Он сказал это коротко, как кладут на стол главную карту, и замолчал, давая слову лечь.

— Польша, — повторил Волков. — Хорошо. Граница.

— Граница. — Молотов чуть подвинулся, и в голосе появилась та сухая обстоятельность, с какой он входил в вопрос, изученный до дна. — Тут всё просто, и просто оно потому, что придумано не нами. Восточную границу ведём по линии, которую сами англичане же и начертили после той войны, — Керзон, их лорд, своей рукой. Западная Украина, Западная Белоруссия отходят к нам. Это не захват. Это возвращение того, что от нас отрезали в двадцатом, и черта, под которой подписался британский министр. Когда Черчилль начнёт возмущаться, я ему положу его же Керзона на стол и спрошу: чья рука? Крыть будет нечем. Линию двигаем на запад, и двигаем чисто.

— На запад двигаем, — сказал Волков. — Дальше у вас, я знаю наперёд, идёт «а Польше за это дать немецкого».

— Идёт.
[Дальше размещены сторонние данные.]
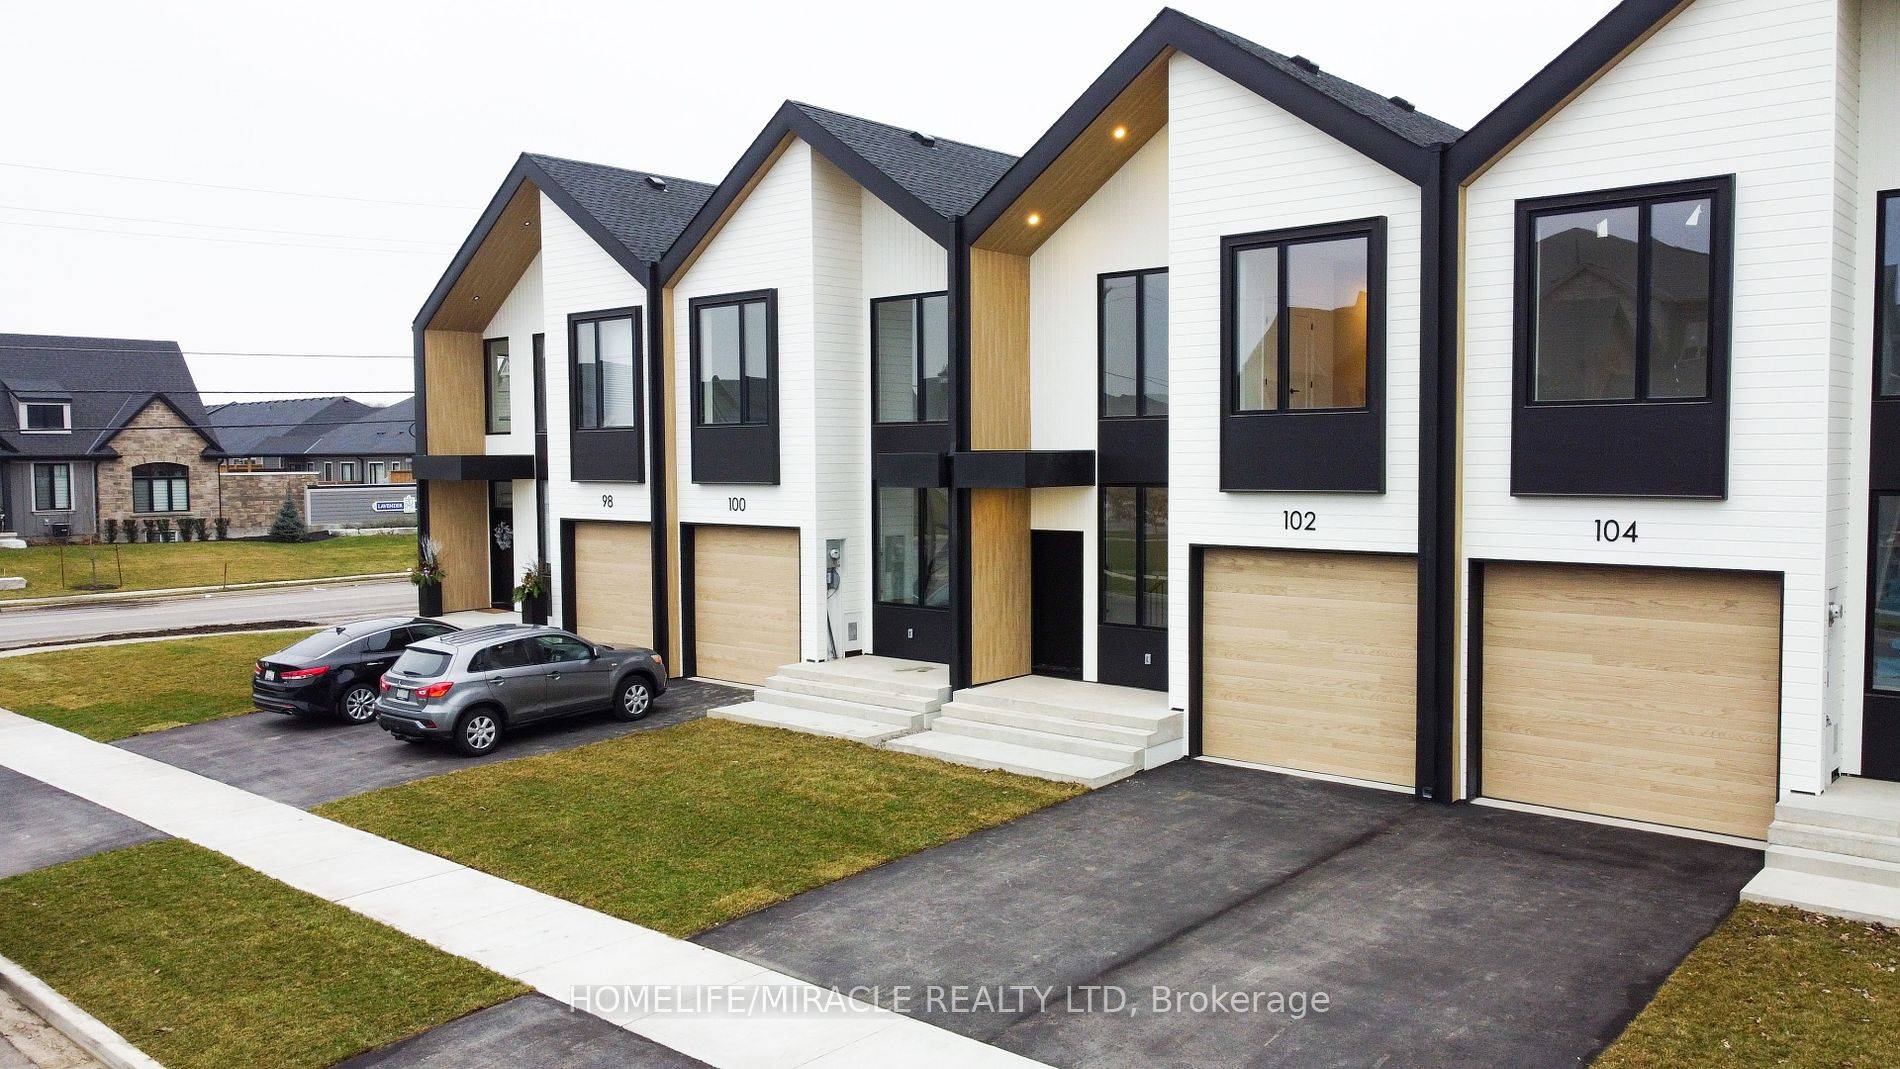 Welcome to this brand new never lived 3 bedrooms townhouse located in a brand new subdivision in the most desirable town of Fonthill.

Так это решают везде и всегда: отняли с одного бока — прирезали с другого. Отдать полякам немецкую землю до Одера, до Нейсе, Силезию, Данциг. Они подвинутся на запад целиком, как шкаф: мы их толкаем с востока, они давят на немца. И всем хорошо: мы вернули своё, поляки не в обиде, а немец заплатил, как и положено проигравшему.

— Нет, — сказал Волков.

Молотов поднял глаза. Это «нет» пришло без паузы, без взвешивания, — так Волков отвечал, когда вопрос был решён в нём задолго до того, как прозвучал.

— Восток забираем, — сказал Волков. — А запада полякам не даём. Ни Силезии, ни Одера, ни Данцига. Польша остаётся та, что осталась, — меньше, чем была. Без приклада.

— Тогда она выйдет с войны половинкой себя, — сказал Молотов медленно, проверяя, туда ли он понял. — Урезанная с двух концов. Это уже не «подвинуть», это обрезать.

— Это обрезать, — согласился Волков. Без нажима, как соглашаются с очевидным. — И обрезать нарочно. Подумайте сами, Вячеслав Михайлович, на два хода вперёд, не на один. Немца мы добьём. Германия рано или поздно встанет — другая — не бекова, наша, дружественная, какую мы сами и поставим, потому что иначе на её месте опять соберётся то, с чем мы воюем третий год. И вот между нами и этой будущей Германией, по которой пойдёт всё — торговля, дороги, уголь, сталь, армия, — вы хотите посадить большую, сытую, прирезанную с двух боков Польшу. Посредника. А посредник на дороге, по которой тебе важно ходить, — это не друг и не помеха. Это тот, кто берёт мзду за проход и капризничает как раз тогда, когда тебе нужнее всего пройти. Чем он больше и сытее, тем дороже его капризы. Польша уже один раз в двадцатом стояла поперёк этой дороги с чужого благословения. Дайте ей немецкий приклад, посадите жирной между нами и Берлином — и она встанет поперёк снова, при первом же удобном случае, и опять не одна, а с тем, кто ей этот случай подскажет.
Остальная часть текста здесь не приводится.